С 1930 по 1940 год во всем мире под влиянием главным образом американских фильмов сложилось известное единство выразительных средств киноязыка. Пять или шесть основных жанров, одержав триумфальную победу в Голливуде, утверждают свое непререкаемое преимущество: американская комедия («Мистер Дидс едет в Вашингтон»), бурлеск (братья Маркс), музыкальный фильм с танцами и мюзик-холлом (Фред Астер и Джинджер Роджерс, «Зигфелд-фоллиз»), полицейский и гангстерский фильм («Лицо со шрамом», «Я—беглый каторжник», «Осведомитель»), психологическая и бытовая драма («Тупик», «Иезавель»), фантастический фильм и гиньоль («Доктор Джекиль и мистер Хайд», «Невидимка», «Франкенштейн»), вестерн («Дилижанс»). Вторым по своему значению было в этот период, несомненно, французское кино; постепенно его преимущество утвердилось в области черного, или поэтического, реализма, представленного четырьмя крупнейшими именами: Жак Фейдер, Жан Ренуар, Марсель Карне и Жюльен Дювивье. Поскольку сравнительная оценка национальных кинематографий не входит в нашу задачу, нам незачем останавливаться на советском, английском, немецком, а также итальянском кино, для которого рассматриваемый период был менее плодотворным, чем последующее десятилетие. Во всяком случае, американской и французской кинопродукции нам будет вполне достаточно, чтобы определить довоенное звуковое кино как искусство, явно достигшее равновесия и зрелости как по содержанию, так и по форме.

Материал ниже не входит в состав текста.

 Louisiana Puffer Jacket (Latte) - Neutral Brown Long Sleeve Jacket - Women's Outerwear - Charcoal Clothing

В отношении содержания — сложились основные жанры с хорошо разработанными правилами, способные нравиться массовой международной аудитории, равно как и культурной элите, если только она не предубеждена против кино.

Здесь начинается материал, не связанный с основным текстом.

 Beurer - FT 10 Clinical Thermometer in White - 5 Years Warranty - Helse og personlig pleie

В отношении формы — в операторском и режиссерском решении фильма выработались отчетливые стили,

==86
соответствующие теме; между изображением и звуком было достигнуто полное единство. Когда смотришь сегодня такие фильмы, как «Иезавель» Уильяма Уайлера, «Дилижанс» (1939) Джона Форда или «День начинается» (1939) Марселя Карне, то видишь перед собой искусство, достигшее полного равновесия, идеальной формы выражения, и одновременно восхищаешься драматическими и моральными темами, которые, возможно, и не были порождены кинематографом, но которые именно благодаря ему получили художественную силу и величие. Короче говоря, перед нами «классическое» искусство со всеми его отличительными чертами и со свойственной ему полнотой.

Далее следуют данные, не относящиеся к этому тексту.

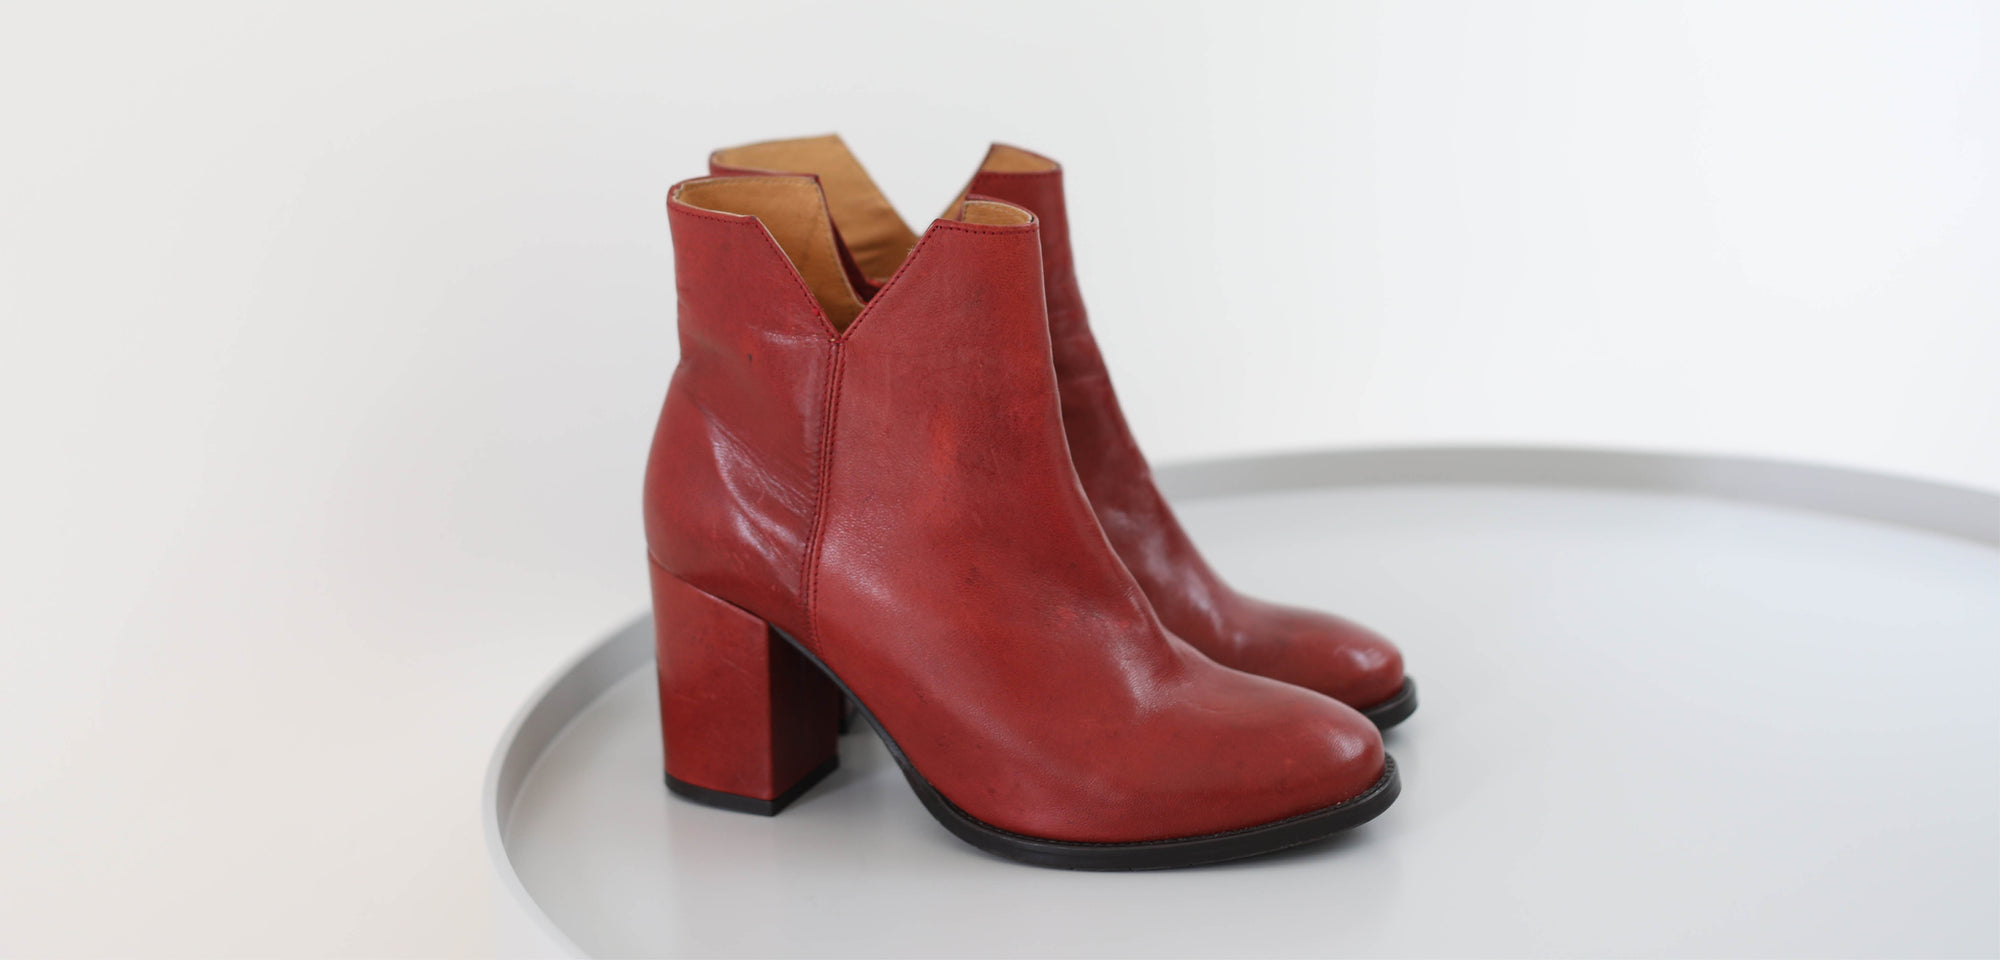 Esska Shoes, stylish urban shoes for confident women

Мне могут справедливо возразить, что новизна послевоенного кино сравнительно с периодом до 1939 года заключается в выдвижении на первый план некоторых новых национальных кинематографий и прежде всего — в ослепительной вспышке итальянского кино и в появлении оригинального британского киноискусства, освободившегося от голливудских влияний; что, следовательно, наиболее важным для периода 1940— 1950 годов было его обогащение новыми силами и новым, еще не исследованным материалом; что подлинная революция произошла скорее в области содержания, чем в области стиля, то есть определялась обновлением того, о чем говорило кино, а не того, как оно это говорило. Разве неореализм не является прежде всего гуманизмом, а потом уже режиссерским стилем? И притом таким стилем, который определяется главным образом своим самоустранением перед лицом изображаемой реальности?